Start of SUPPLIED MATERIAL
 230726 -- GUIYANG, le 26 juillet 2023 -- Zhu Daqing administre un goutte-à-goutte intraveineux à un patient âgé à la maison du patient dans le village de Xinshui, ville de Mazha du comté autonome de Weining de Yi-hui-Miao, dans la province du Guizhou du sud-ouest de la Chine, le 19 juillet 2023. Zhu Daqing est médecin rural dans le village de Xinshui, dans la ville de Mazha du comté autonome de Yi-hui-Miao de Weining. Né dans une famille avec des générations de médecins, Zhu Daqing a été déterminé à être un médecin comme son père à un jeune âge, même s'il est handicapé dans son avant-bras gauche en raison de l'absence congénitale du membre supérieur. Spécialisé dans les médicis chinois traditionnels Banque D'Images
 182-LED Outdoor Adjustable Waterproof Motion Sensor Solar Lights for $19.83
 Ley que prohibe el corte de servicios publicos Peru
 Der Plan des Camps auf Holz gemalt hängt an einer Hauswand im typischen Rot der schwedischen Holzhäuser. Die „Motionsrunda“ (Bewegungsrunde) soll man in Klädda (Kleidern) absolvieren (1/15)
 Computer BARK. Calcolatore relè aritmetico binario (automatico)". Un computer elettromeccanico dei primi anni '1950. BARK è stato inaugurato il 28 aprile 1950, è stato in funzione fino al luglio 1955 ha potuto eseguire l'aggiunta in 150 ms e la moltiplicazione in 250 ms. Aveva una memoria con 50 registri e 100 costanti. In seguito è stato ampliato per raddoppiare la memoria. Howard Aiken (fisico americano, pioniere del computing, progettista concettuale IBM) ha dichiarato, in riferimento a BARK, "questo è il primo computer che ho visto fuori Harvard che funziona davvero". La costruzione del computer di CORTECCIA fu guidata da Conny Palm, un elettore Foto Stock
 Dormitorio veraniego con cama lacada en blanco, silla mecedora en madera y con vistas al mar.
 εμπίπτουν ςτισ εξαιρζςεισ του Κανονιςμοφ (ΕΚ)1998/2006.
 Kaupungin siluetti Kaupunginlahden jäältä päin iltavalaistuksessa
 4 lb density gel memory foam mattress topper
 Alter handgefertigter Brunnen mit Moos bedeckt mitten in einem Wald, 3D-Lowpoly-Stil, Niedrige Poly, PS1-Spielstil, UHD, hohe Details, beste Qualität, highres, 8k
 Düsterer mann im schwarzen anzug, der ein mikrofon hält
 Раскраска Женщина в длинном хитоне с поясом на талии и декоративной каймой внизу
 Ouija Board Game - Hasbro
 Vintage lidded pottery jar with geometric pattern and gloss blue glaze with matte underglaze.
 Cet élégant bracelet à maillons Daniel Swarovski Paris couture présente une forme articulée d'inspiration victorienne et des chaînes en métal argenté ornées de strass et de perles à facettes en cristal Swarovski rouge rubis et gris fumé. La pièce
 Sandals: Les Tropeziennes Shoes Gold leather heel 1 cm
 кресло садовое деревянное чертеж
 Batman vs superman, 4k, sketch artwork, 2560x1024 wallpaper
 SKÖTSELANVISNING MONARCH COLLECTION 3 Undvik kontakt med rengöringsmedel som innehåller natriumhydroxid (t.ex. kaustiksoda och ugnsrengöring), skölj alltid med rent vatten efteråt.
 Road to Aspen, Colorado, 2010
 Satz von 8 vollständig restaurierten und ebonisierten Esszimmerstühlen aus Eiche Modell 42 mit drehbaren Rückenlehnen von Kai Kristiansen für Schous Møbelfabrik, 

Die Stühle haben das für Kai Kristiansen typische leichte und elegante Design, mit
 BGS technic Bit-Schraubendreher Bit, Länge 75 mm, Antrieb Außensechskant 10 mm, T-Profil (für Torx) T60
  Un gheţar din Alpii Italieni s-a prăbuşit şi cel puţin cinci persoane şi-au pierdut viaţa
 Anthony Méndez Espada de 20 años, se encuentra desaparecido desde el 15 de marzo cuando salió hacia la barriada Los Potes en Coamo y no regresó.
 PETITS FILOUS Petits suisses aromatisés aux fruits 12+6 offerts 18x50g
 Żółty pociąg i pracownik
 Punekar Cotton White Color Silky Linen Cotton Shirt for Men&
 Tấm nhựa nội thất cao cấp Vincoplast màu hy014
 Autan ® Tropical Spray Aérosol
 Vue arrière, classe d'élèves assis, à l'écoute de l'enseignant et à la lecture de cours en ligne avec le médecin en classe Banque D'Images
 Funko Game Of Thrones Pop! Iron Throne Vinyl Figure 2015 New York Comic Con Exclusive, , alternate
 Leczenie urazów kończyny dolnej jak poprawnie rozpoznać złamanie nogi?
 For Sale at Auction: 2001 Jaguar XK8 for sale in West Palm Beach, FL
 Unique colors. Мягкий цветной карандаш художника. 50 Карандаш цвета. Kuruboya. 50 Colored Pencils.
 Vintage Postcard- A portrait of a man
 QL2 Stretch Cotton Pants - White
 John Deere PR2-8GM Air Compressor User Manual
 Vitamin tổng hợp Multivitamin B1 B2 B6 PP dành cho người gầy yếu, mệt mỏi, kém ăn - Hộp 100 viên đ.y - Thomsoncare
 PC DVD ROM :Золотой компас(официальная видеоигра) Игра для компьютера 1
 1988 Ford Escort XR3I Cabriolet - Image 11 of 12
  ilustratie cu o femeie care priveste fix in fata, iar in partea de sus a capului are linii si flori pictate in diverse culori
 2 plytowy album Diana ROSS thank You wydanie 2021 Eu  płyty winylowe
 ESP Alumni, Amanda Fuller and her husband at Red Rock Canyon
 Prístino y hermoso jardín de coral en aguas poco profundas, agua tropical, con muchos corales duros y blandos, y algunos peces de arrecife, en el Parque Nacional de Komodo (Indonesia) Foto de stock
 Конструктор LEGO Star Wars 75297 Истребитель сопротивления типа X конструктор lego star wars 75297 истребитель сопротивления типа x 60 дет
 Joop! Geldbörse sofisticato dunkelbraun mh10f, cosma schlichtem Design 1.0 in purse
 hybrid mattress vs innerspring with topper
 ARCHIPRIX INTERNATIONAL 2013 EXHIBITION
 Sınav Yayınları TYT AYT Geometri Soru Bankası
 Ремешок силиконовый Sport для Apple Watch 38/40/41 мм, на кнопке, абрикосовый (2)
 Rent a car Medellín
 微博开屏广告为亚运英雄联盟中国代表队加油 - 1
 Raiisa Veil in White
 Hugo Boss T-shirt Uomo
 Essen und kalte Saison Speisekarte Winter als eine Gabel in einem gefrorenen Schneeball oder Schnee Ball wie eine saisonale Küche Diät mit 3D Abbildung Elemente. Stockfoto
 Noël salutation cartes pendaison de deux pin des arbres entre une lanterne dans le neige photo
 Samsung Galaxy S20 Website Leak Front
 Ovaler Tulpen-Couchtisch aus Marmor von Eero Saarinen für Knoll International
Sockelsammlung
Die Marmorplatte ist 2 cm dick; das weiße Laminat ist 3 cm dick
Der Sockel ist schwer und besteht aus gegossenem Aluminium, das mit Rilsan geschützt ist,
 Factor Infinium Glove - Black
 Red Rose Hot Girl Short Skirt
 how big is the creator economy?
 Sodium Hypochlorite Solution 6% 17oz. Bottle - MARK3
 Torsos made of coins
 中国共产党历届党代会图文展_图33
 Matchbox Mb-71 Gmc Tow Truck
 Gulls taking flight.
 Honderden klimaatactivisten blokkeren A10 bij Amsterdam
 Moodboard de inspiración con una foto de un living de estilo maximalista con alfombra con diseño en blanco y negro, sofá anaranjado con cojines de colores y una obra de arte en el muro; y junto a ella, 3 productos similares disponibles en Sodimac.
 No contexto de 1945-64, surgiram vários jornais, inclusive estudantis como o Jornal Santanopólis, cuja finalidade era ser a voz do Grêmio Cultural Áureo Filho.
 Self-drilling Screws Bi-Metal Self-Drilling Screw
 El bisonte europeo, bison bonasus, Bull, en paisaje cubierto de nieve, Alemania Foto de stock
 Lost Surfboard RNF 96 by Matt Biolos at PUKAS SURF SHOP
End of SUPPLIED MATERIAL
**TASK DETAILS:**
From the listing above, return the lines starting at the one with "Samsung Galaxy S20 Website Leak Front" and ending at the one with "Die Marmorplatte ist", both kept, exactly as they appear and nothing more.

**ANSWER SECTION:**
 Samsung Galaxy S20 Website Leak Front
 Ovaler Tulpen-Couchtisch aus Marmor von Eero Saarinen für Knoll International
Sockelsammlung
Die Marmorplatte ist 2 cm dick; das weiße Laminat ist 3 cm dick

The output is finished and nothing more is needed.